Toivo avoided her eyes and shrugged his shoulders vaguely.
“Because from the very beginning, you were operating on the wrong theory,” Asya said hotly. “Because you set up the problem incorrectly. You can’t set up a problem so that no result satisfies you. Your hypothesis was flawed to begin with — remember, I told you that. If the Wanderers really were discovered, would that make you happy? And now you’re beginning to realize that they don’t exist, and you’re not happy either. You were wrong, you expressed the wrong hypothesis, feel as if you’re losing, when actually you haven’t lost anything.”
I’ve never argued with you.” Toivo said meekly. “It’s all my fault, that’s my fate.”
“You see, now he’s disillusioned in that idea of yours, too. Of course I know he won’t fire you; you’re just blabbering. He like you and appreciates you, and everyone knows that… But really, you can’t waste all these years — and for what, really? After all, you two don’t have anything but the naked idea. No one’s arguing. The idea is rather curious, it can tickle the nerves of anyone at all; but it’s nothing more! Basically, it’s simply the inversion of a longtime custom of humanity… it’s just Progressorism in reverse, and nothing more… If we intervene in someone’s history, then someone could intervene in ours… Wait, listen to me! First of all, you two forget that not every inversion is expressed in reality. Grammar is one thing, and reality is another. So at first it seemed interesting, and now it seems simply… well, indecent, I guess… Do you know what one big shot said to me yesterday? He said, “We’re not COMCONites, you know’, those COMCONites are enviable. When they come up against a truly serious mystery, they quickly attribute it to the work of the Wanderers, and they’re done!”
“Who said that, I wonder’!” Toivo asked grimly.
“What difference does it make! Now our fermenters are rebelling. Why should we seek the causes? It’s perfectly clear its the work of the Wanderers! The bloody hand of a supercivilization! Don’t get mad, please. Don’t get mad! You don’t like jokes like that, but you almost never hear them. But I hear them all the time. You don’t know how much trouble I get just from the Sikorski Syndrome alone… And it’s not even a joke. It’s a sentence, my dear people! It’s a diagnosis!”
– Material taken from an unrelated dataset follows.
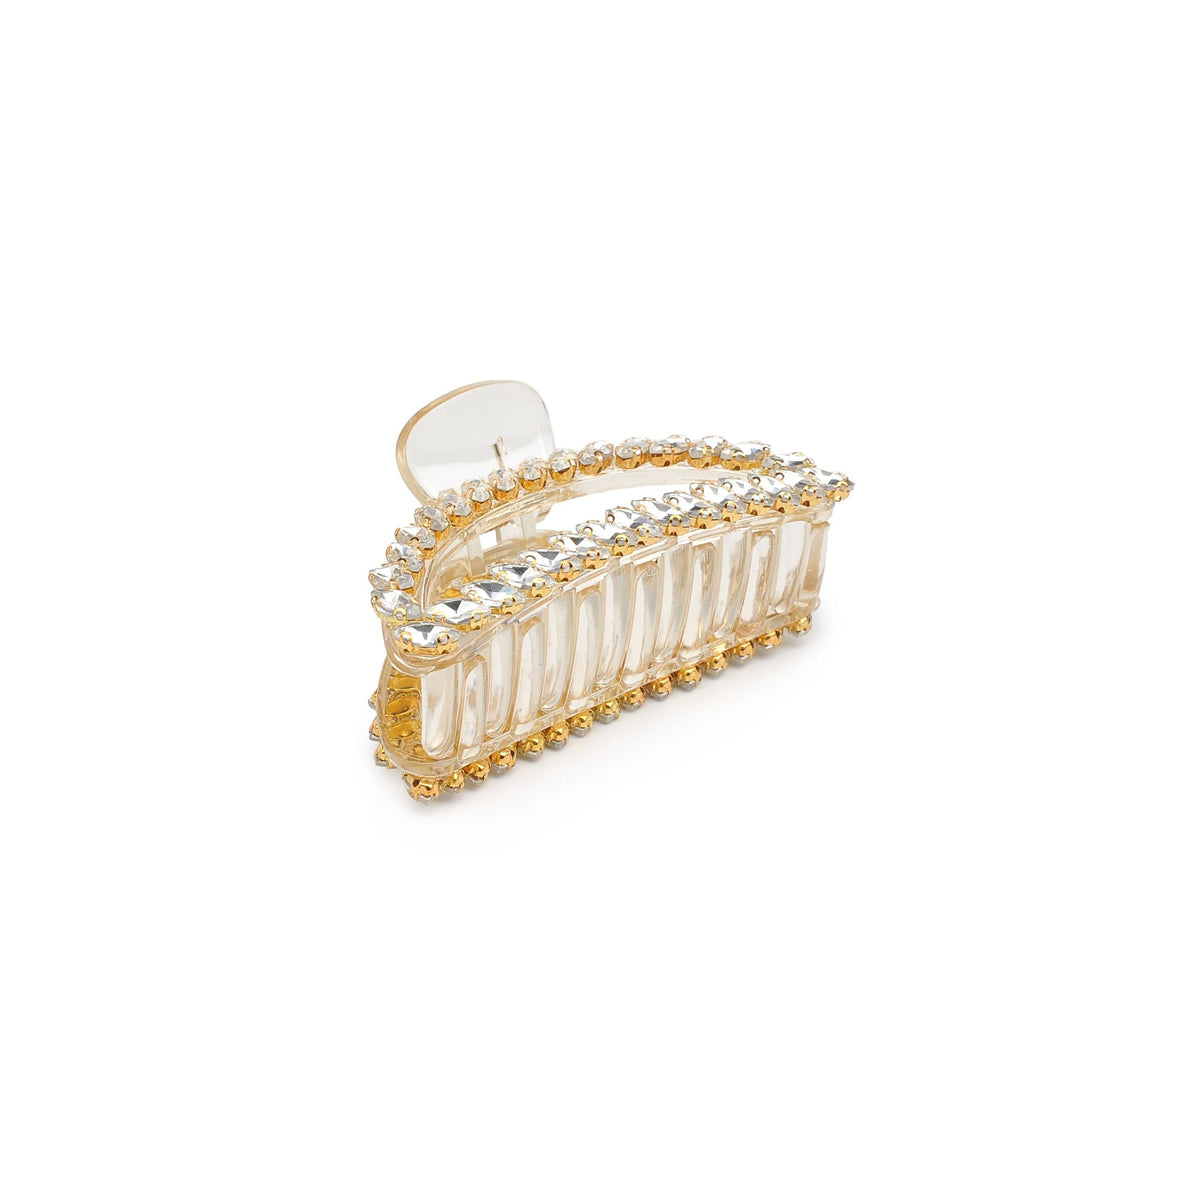 Product Image of Urban Expressions Camilla - Rhinestone Embellished Hair Claw Hair Claw 818209013871 View 1 | Clear
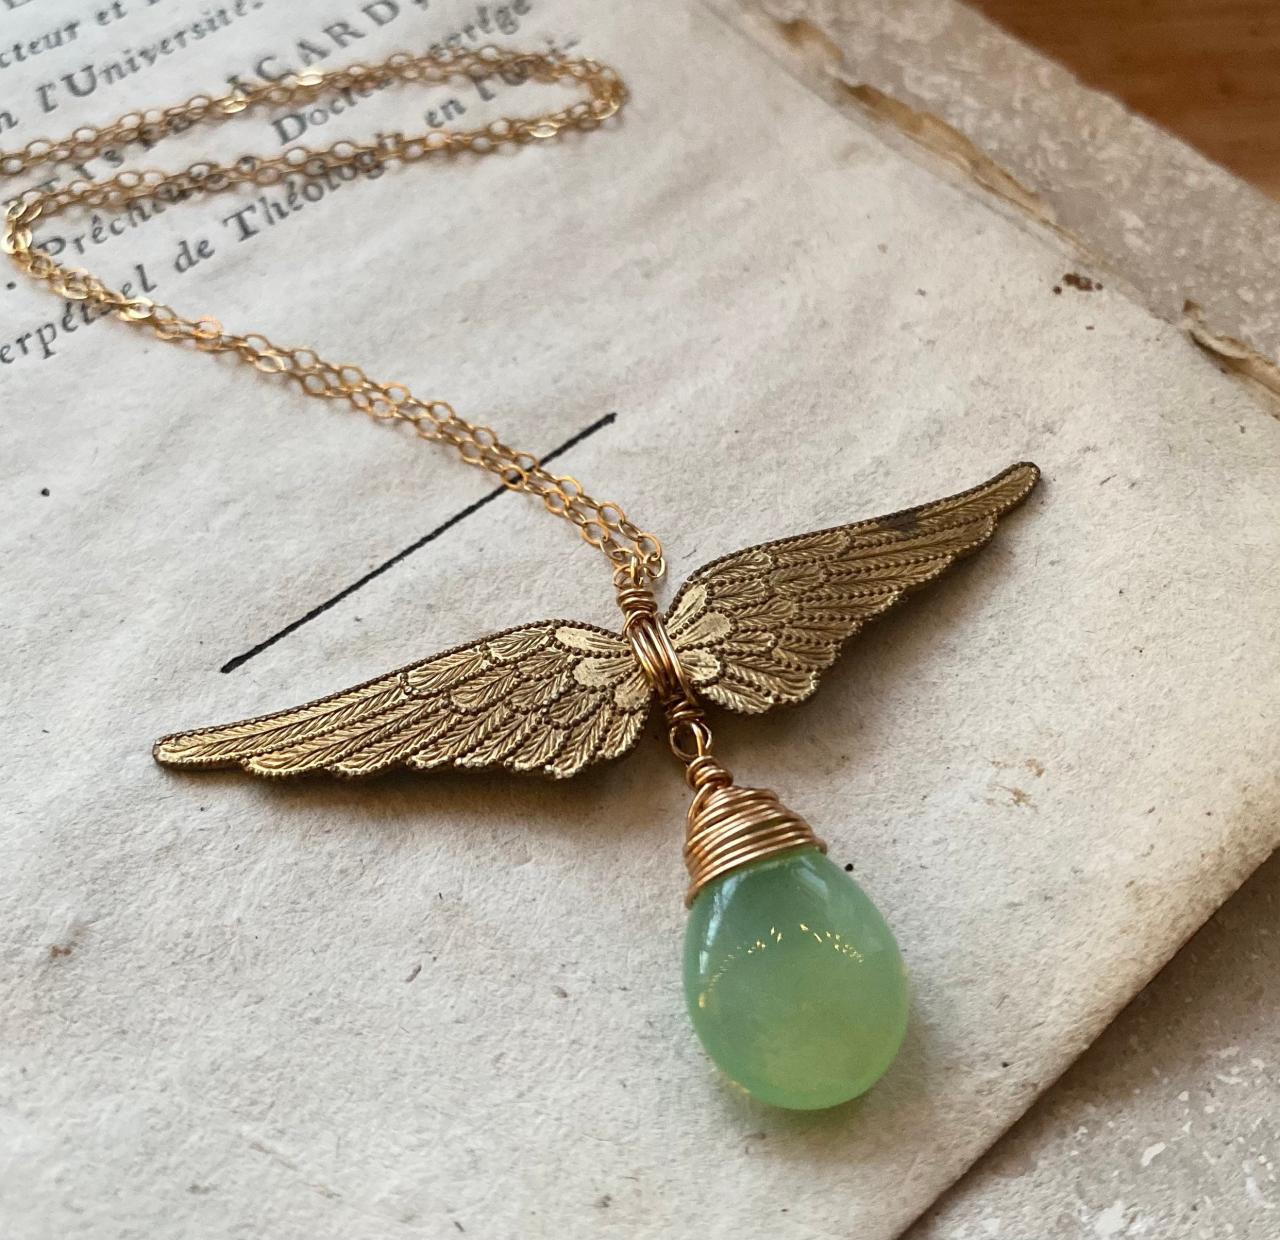 Winged Victory Necklace Raw Brass Pendant Jewelry Mint Green Vintage Style Gold Wing Necklace Art Nouveau Wire Wrapped Chain

Toivo had gotten himself under control.
“Well, actually, the yeast is a thought,” he said. “It’s an unexplained event! Why didn’t you report it?” he demanded severely. “Don’t you know the regulations? I’m calling Master on the carpet!”
“It’s all a joke to you,” Asya said angrily. “Everybody’s joking around here!”
“And that’s fine!” Toivo said. “You should be happy. When it really starts, you won’t feel like joking.”
Asya struck her fist on her knee.
“Oh, God! What are you pretending for? You don’t feel like joking, you don’t have time for joking, and that’s what irritates people about you COMCONites. You’ve built this grim, gloomy world around you, a world of threats, fear, and suspicion… Why? Where did you get it? Where did that cosmic misanthropy come from?”